Saturday, May 4, 2013

morning, moments, and Aslan.



This morning broke clean and beautiful, filled to overflowing with a bright blue sky and golden sun. The night that held so much drifted away and now, sitting in the clear light, my coffee cup steaming beside me, all I can think of is how beautiful it all is.

Unpacking must be done, boxes to empty, a new space to fill with life abundant. For now though, before the day fully sweeps in, I'm sitting here, enjoying this mug full of coffee and thinking about all the day holds.

The mountains out my window have peaks covered in white snow, shining in the morning light. Up there, I know winter is still clinging to the tips of these beautiful mountains...where I am below, it's going ever so slowly. Our mornings hold the last breaths of winter and our afternoons promise Spring will come soon.

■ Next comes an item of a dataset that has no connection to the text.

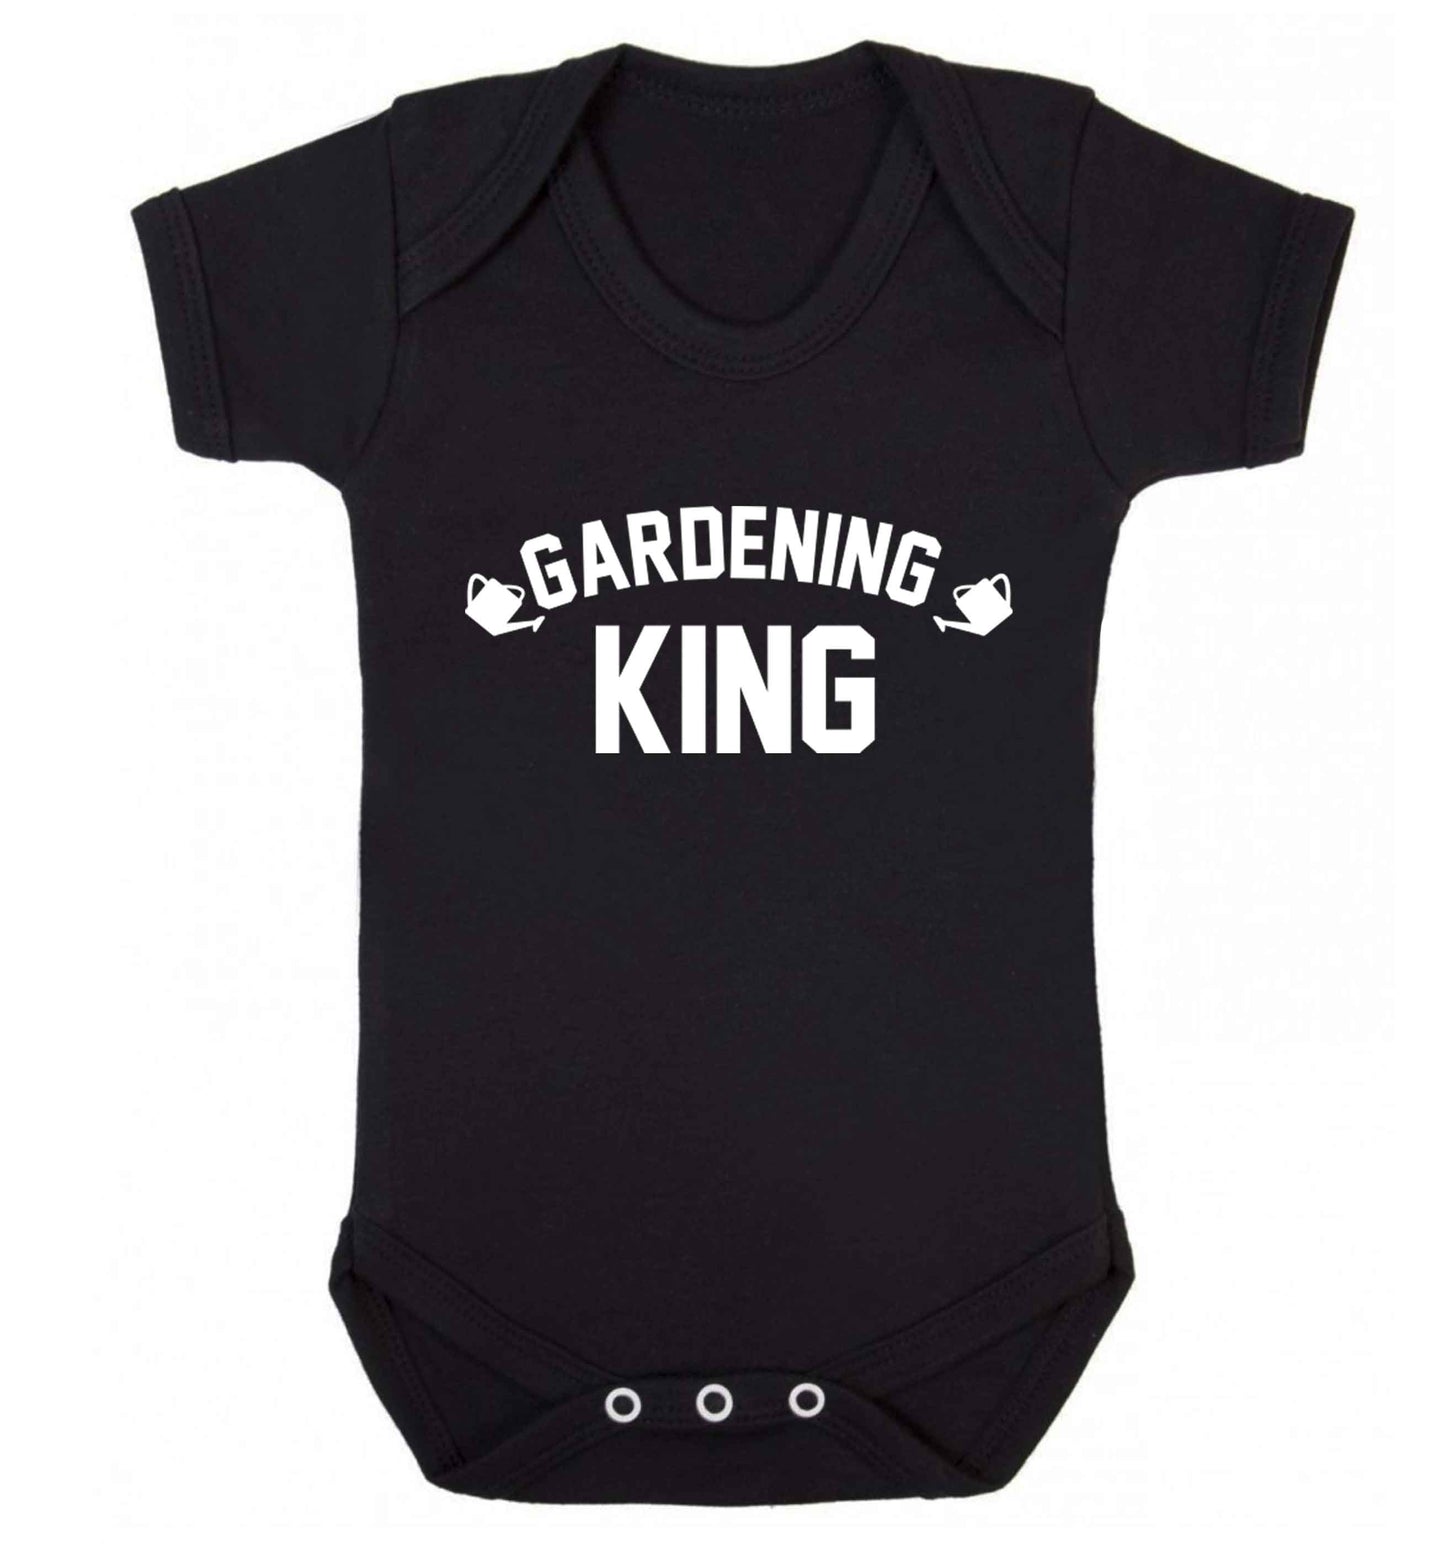 Gardening king Baby Vest black 18-24 months

Spring snow falls in spurts, every day different from the next, yet, the snow melts quickly and Spring pushes on.

Amazing how quickly things change, isn't it? If you look back to a year ago, I'm sure, like me, you'd wonder at how life has changed, moved, shifted. Or maybe, your year holds a moment, a flash, when everything changed. Maybe it's the first time it's ever happened to you, coming unexpectedly and with a force hard enough to take your breath. I had that happen in the course of this past year. First time it's ever happened in that way before. Suddenly, wham, with a blinding flash everything changed. Amazing how that all can happen on the inside and if anyone looks at you, at where your life is, it will look exactly the same to them....probably would even in the moment things changed. Yet, it did indeed change and everything from that point forward has been different and I am certainly not who I was.

I sit here and smile, thinking of that day, because all I can do (though it has not been easy) is know that life is wild and beautiful and sweet, ever changing, ever breathing around us, whispering of a set number of days we have, and not to waste them wishing things were different...wishing that they could change again, that the struggle would be somehow less. Less is not what life is about. It's about more. More moments, more giving, more living, more being who He would have us be in those moments He gifts to us, be it easy or hard.

The song "Fairy Dance" from Peter Pan drifts from my computer. Lilting and soft, it reminds me of a time before when I wrote of much I do not write of now. Of fairies and ogres, of walking through a land where children seem to be the only ones to remember the way. I wrote often of this....knights and dragons, perhaps Narnia right around the next bend. I wrote often because this is who I am, this is what lives and breathes inside of me. But, it went away for a long time. Smiling, I think of all this, and it's amazing how, though I haven't written of this part of who I am in a long time, it is still there, quiet and still, waiting to come out at the right time. Perhaps, with the coming and going of one Spring, and now with the coming of another, time has healed the scar enough to think of all I found so beautiful, all that filled my days with what children delight in reading...what adults do too, if they're old enough to admit it once again. For I have been molded by the first books I ever read down into my soul, first the Word which cuts like a sword, reading through it at seven, while at the same time reading "The Chronicles of Narnia" and these together painted a living, breathing picture of beauty and magic, filling the days of a little girl, painting a picture of a majestic lion, Aslan in the one world, but in reality, the beautiful picture of Jesus, whose name I discovered at the same time. This is what has molded my relationship with Him. This is what He saw fit to use to mold me, creating a yearning inside my heart to capture words like an artist wields a paint brush, painting beautiful pictures of lands we forget as adults, of how their beauty can show us a picture of who He is even when we do not know it.

So, perhaps once again, it will come, singing to be written of....and maybe, you will find your way to lands you have forgotten, seeing once again the face of the One who loves you, knowing He would speak to you in any way possible, even through the made up visions of a writer who loves Him with her whole heart.

"It isn't Narnia, you know," sobbed Lucy. "It's you. We shan't meet you there. And how can we live, never meeting you?"
"But you shall meet me, dear one," said Aslan.
"Are-are you there too, Sir?" said Edmund.
"I am," said Aslan. "But there I have another name. You must learn to know me by that name. This was the very reason why you were brought to Narnia, that by knowing me here for a little, you may know me better there."